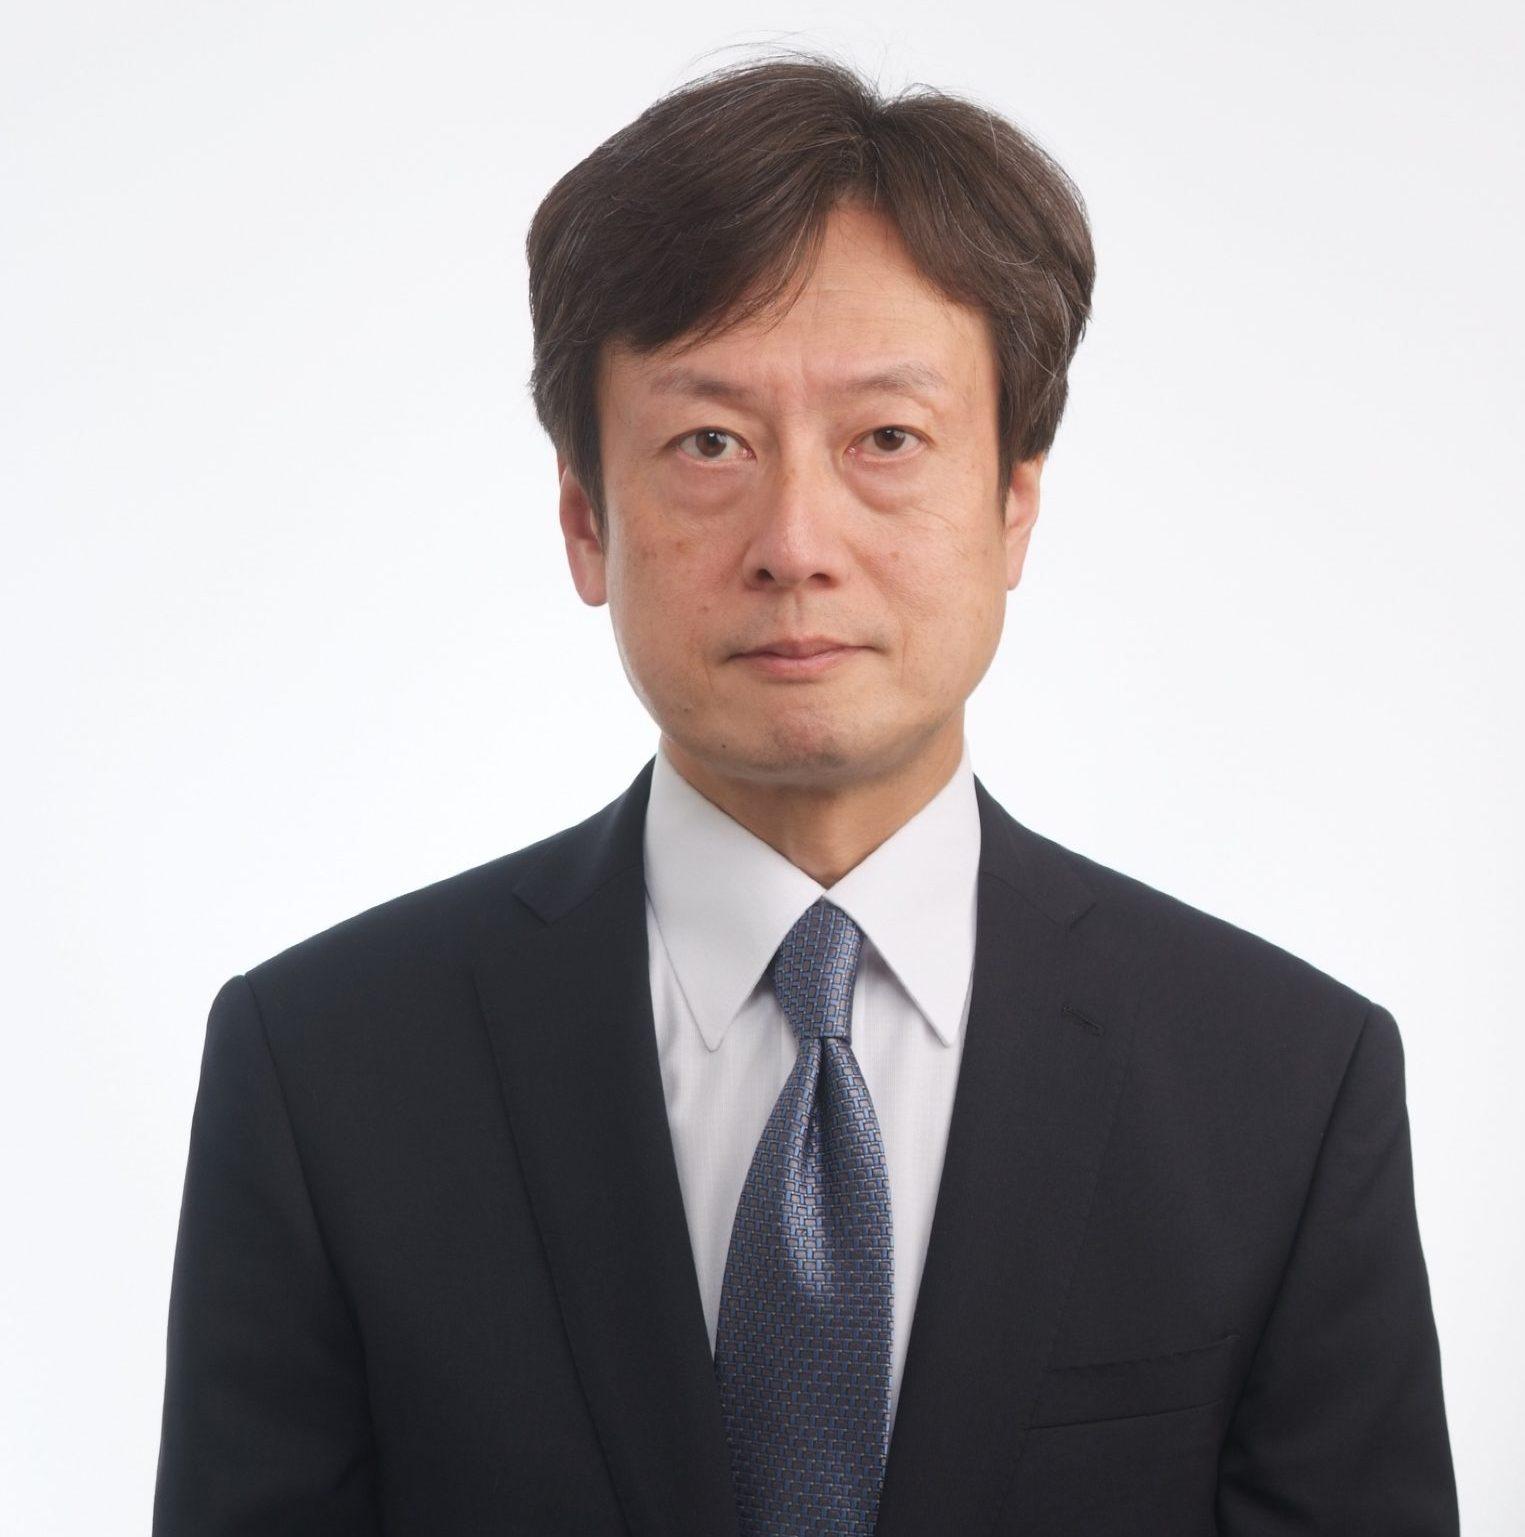 Hiroyuki Hirosako
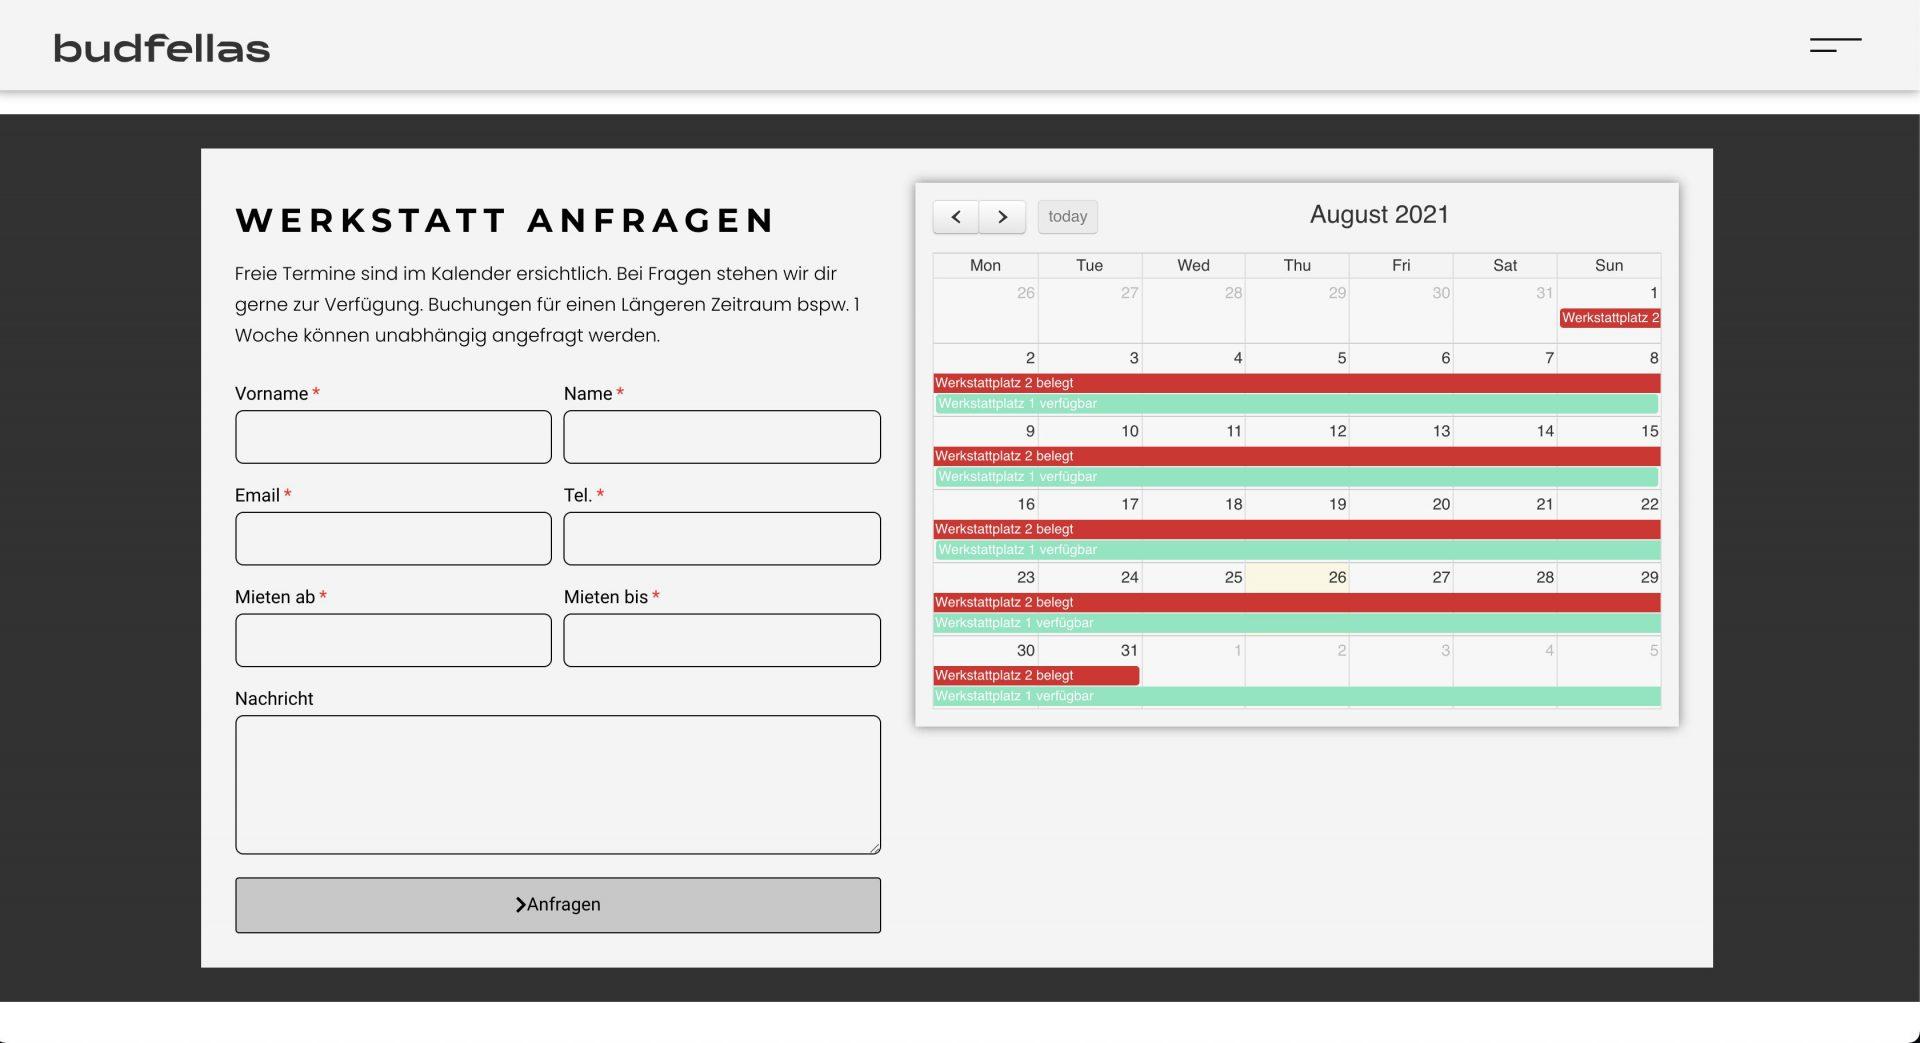 Bildschirmfoto 2021-08-26 um 09.44.45
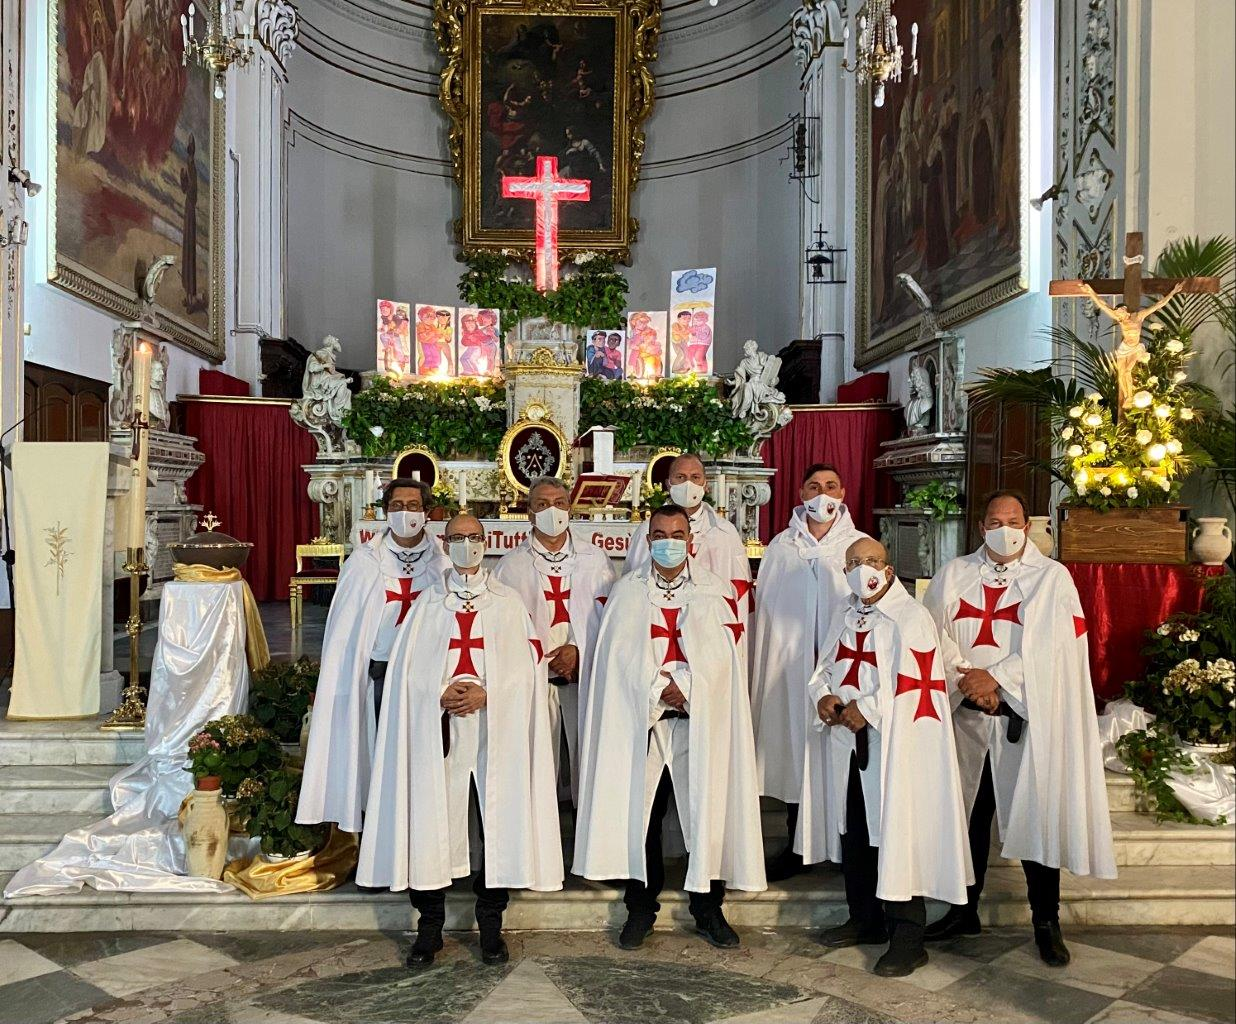 Custodia e Santa Messa -Santuario Basilica Maria SS. Annunziata al Carmine – Catania 16.05.2021

About this exercise: What is needed is an exact copy of the lines from the one with "Bildschirmfoto 2021-08-26 um 09.44.45" through the end of the data above, both included, minus any pictures.

Expected output:
 Bildschirmfoto 2021-08-26 um 09.44.45
 Custodia e Santa Messa -Santuario Basilica Maria SS. Annunziata al Carmine – Catania 16.05.2021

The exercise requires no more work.